On DD MM 20YY, the Council was advised that the Master of Planning had approved the PAO for the property (the land) to be used as a future open space, a public park. On DD MM 20YY, person 3 and you signed a Letter of Authority engaging the services of your lawyers to liaise with Council. The PAO created a great sense of worry for person 2 as they were residing in the property. An agreement was reached whereby the Council would allow them to stay at the property until they passed. Person 2 had to be placed into care due to their deteriorating health. On DD MM 20YY, in a letter to person 3 and you, the Council inform you they were aware the property was vacant, and they remained interested in purchasing it and would be open to entering into discussions about how this could be achieved. On DD MM 20YY, person 2 passed away. The right to occupy ceased as of this date. The Council was notified of their passing shortly after the event. After person 2's passing, the property was left vacant.

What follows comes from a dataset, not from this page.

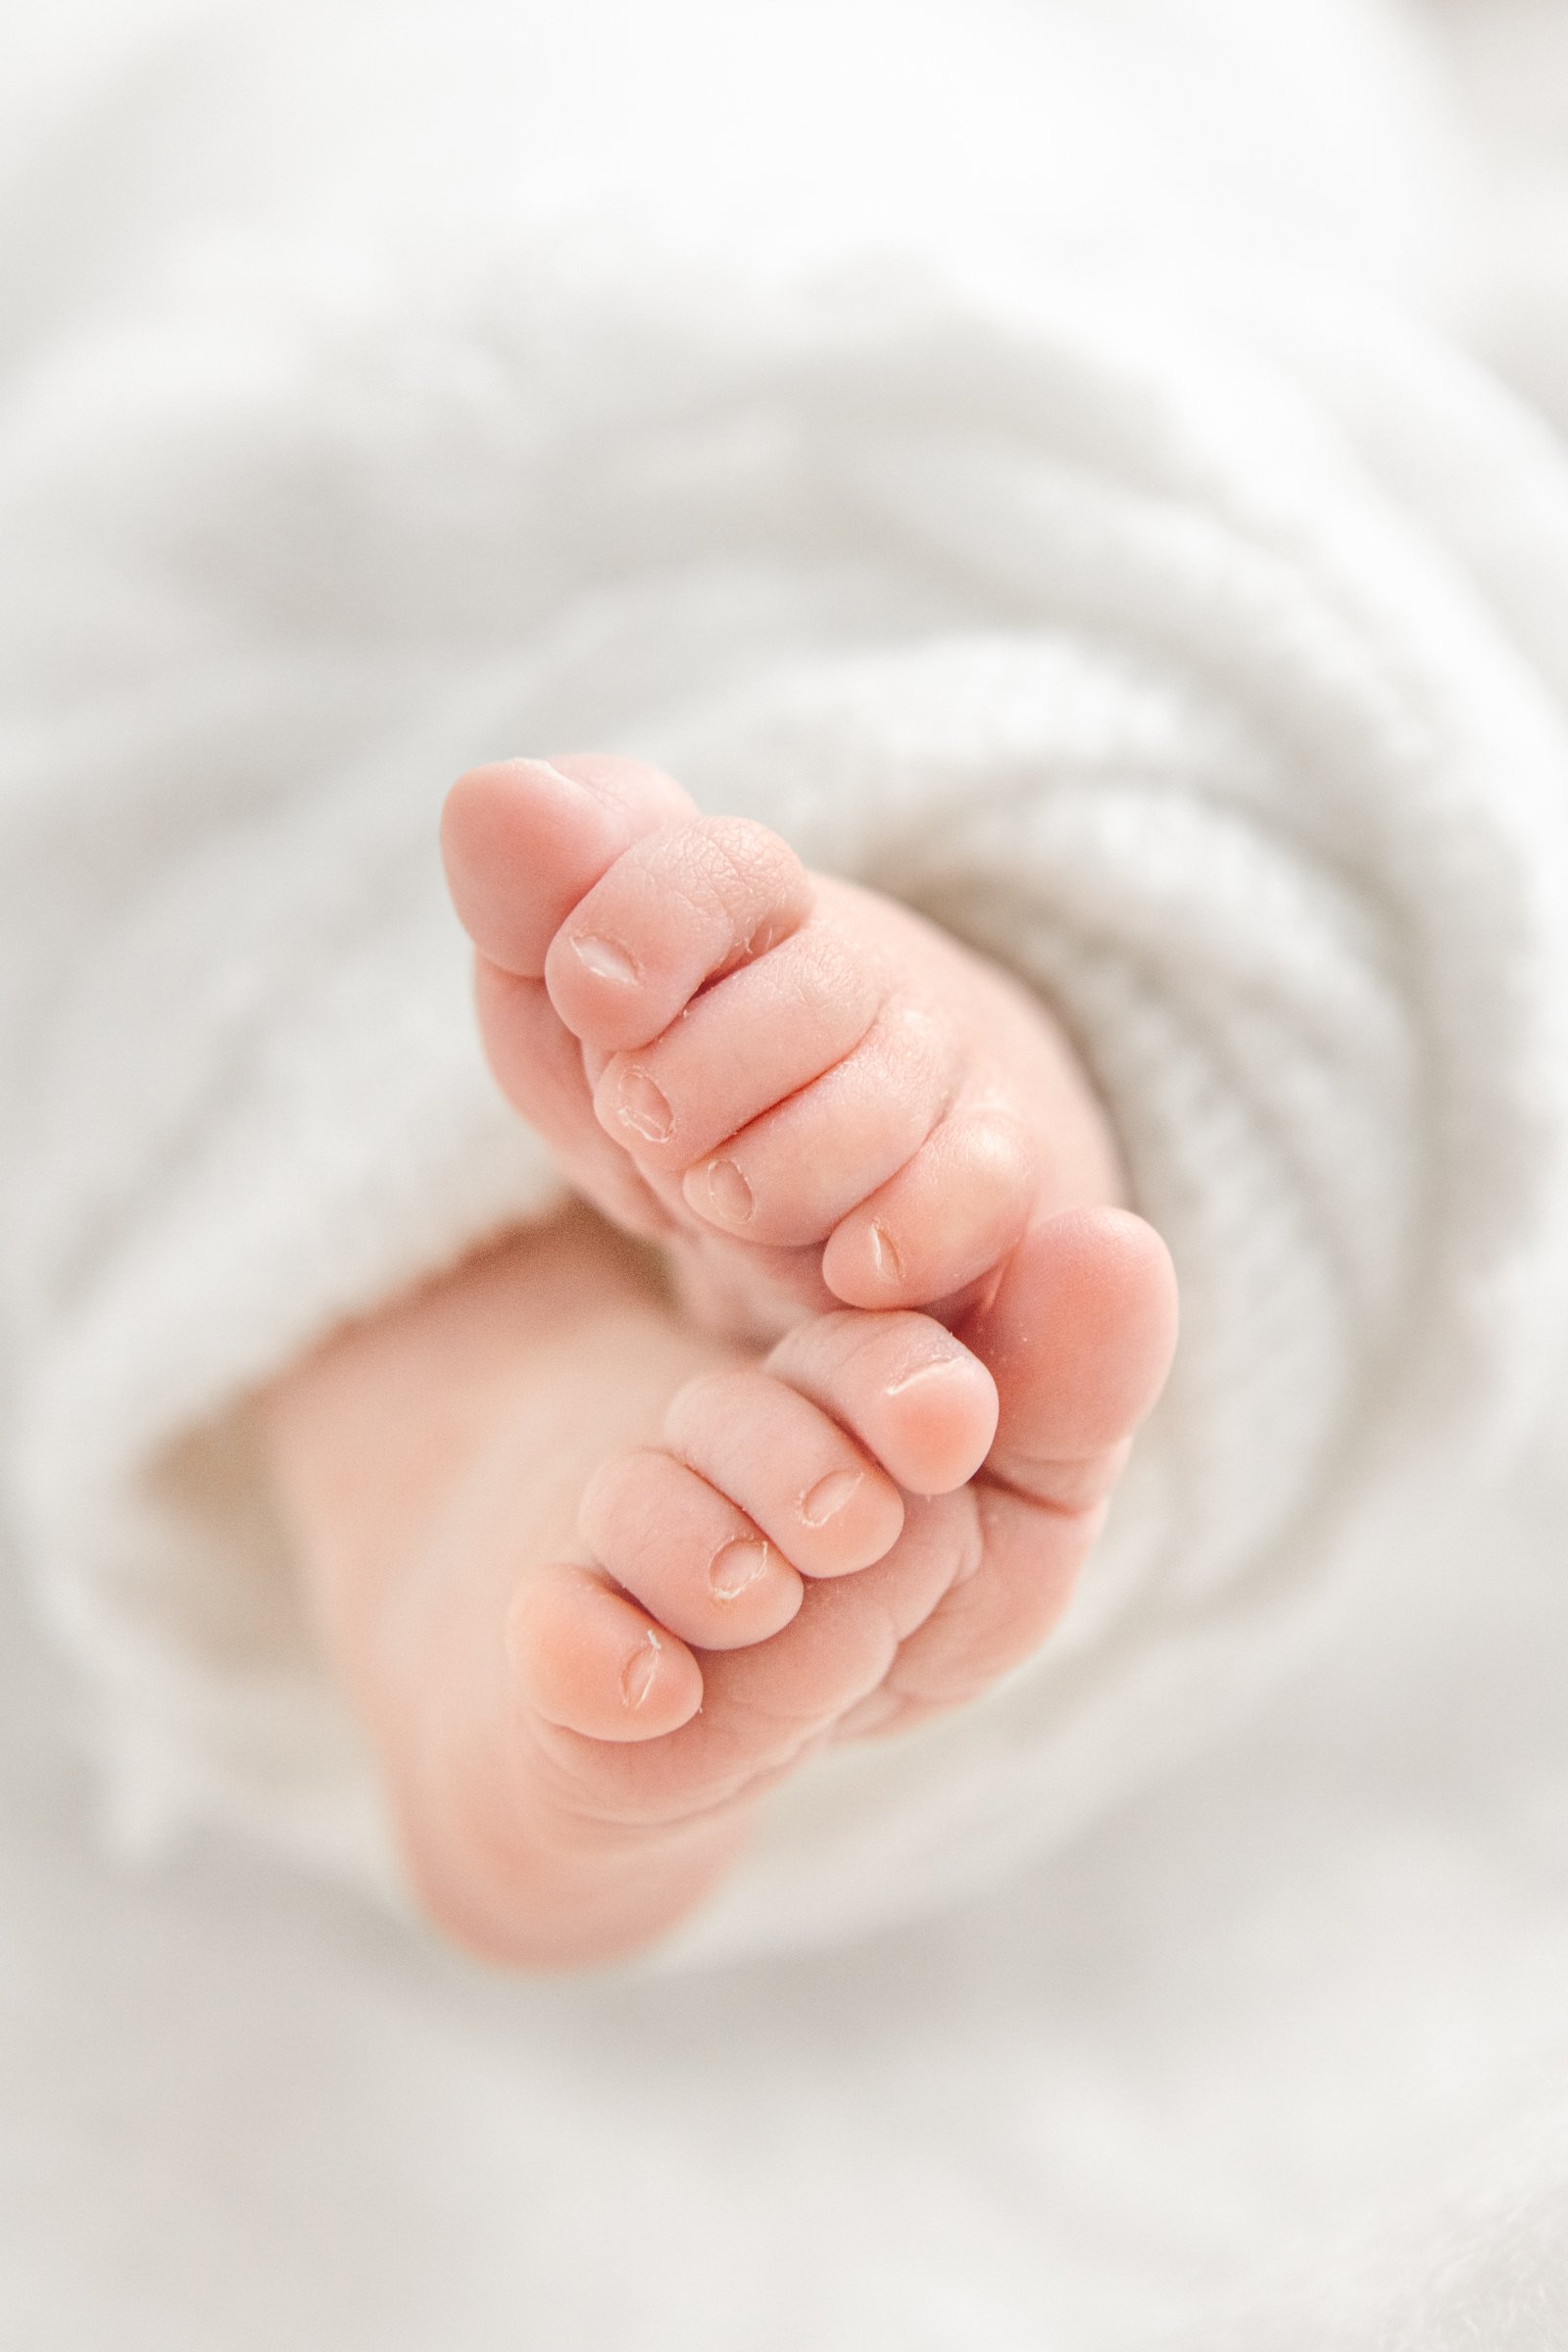  Baby feet close-up picture with sweet little toes by professional newborn photographer Nicole Hawkins Photography in Hoboken, New Jersey.  baby feet photo baby toes sweet baby feet detailed baby photos #nicolehawkinsphotography #nicolehawkinsnewborn
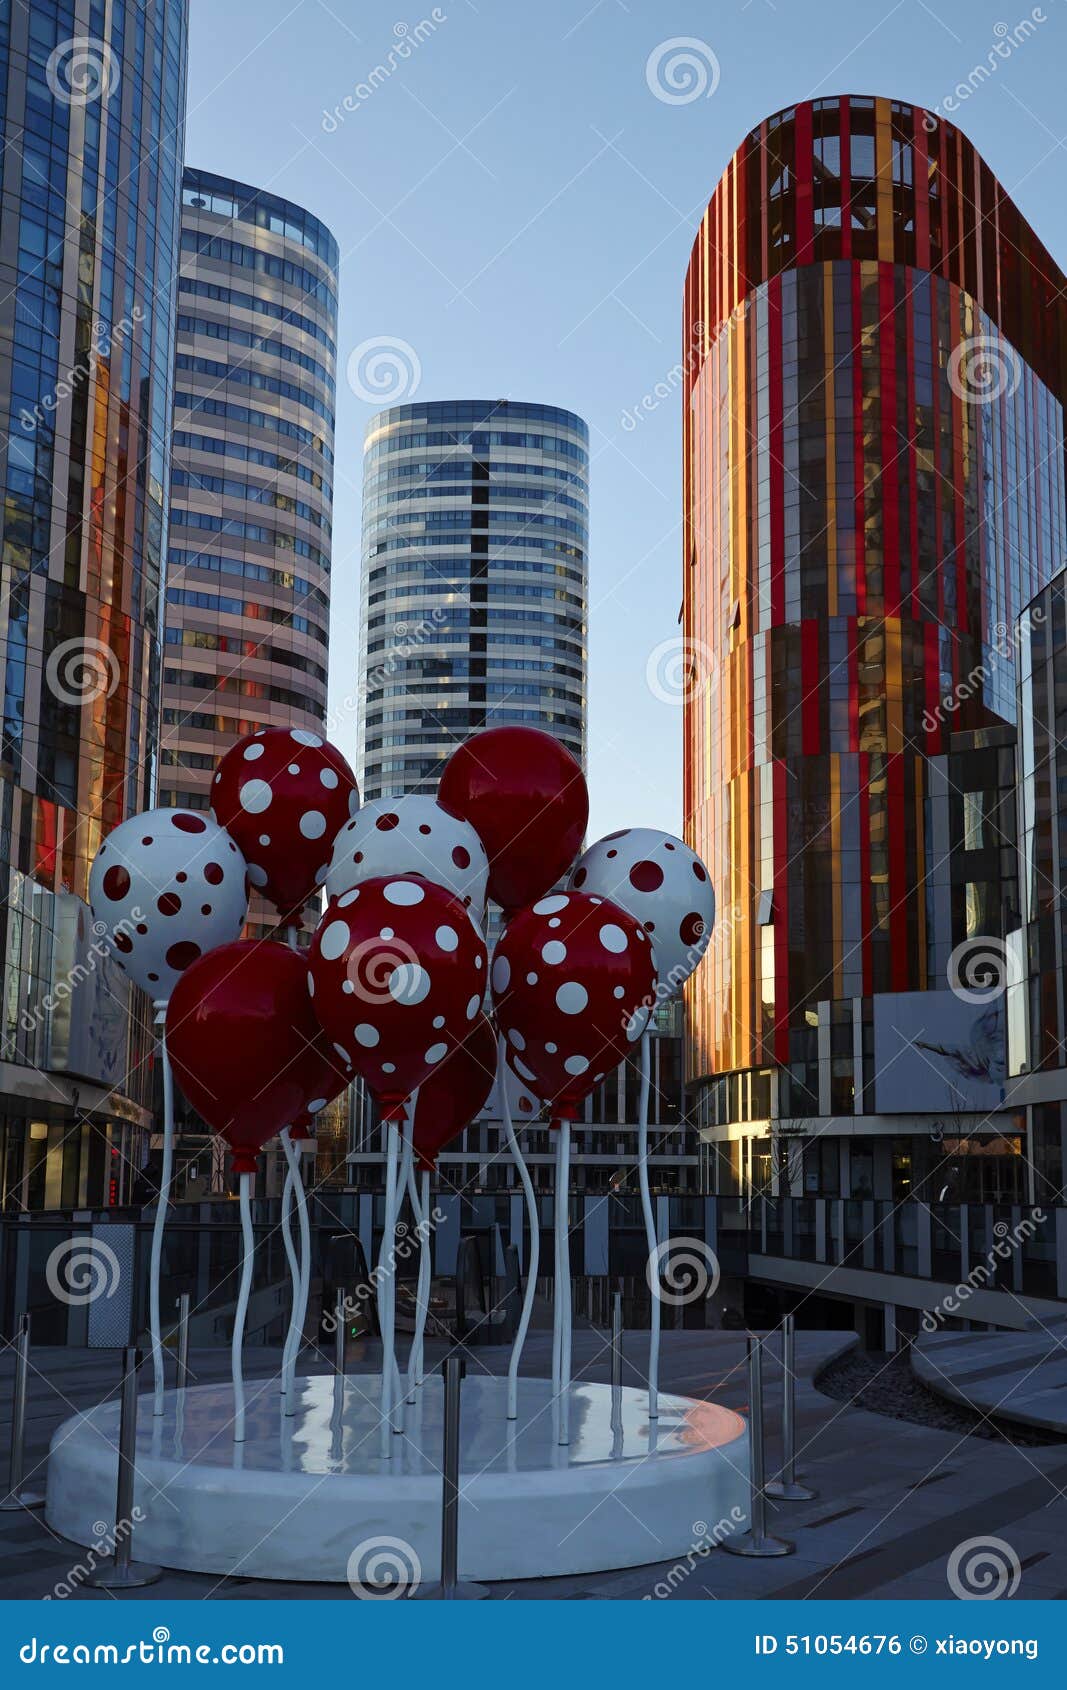 colorful plastic balloon s and office buildings

On DD MM 20YY, the Council, acting through the Council's lawyers, sent person 3 and you an email letter to informed you they were willing to pay the market value for the property as well as reasonable costs incurred in the matter, but they would not agree to pay other amounts applicable to a compulsory acquisition. Their preference was to negotiate a sale by agreement. However, they would pay for you to obtain an independent valuation of the market value of the property. On DD MM 20YY your lawyers replied, expressing your preference for a compulsory purchase as this would include additional compensation amounts. One DD MM 20YY, person 3 and you received the first of two notices from the Council of building defects on the property. Both person 1 and person 2 were hoarders. The property was filled to the brim with items and junk because the property had been in the family for many years. It was in a very dilapidated state, both the interior and the exterior. A significant amount of cleaning was needed. As trustees, person 3 and you were required to go through every item to make sure that nothing important was being thrown out. It took X months to clean the property.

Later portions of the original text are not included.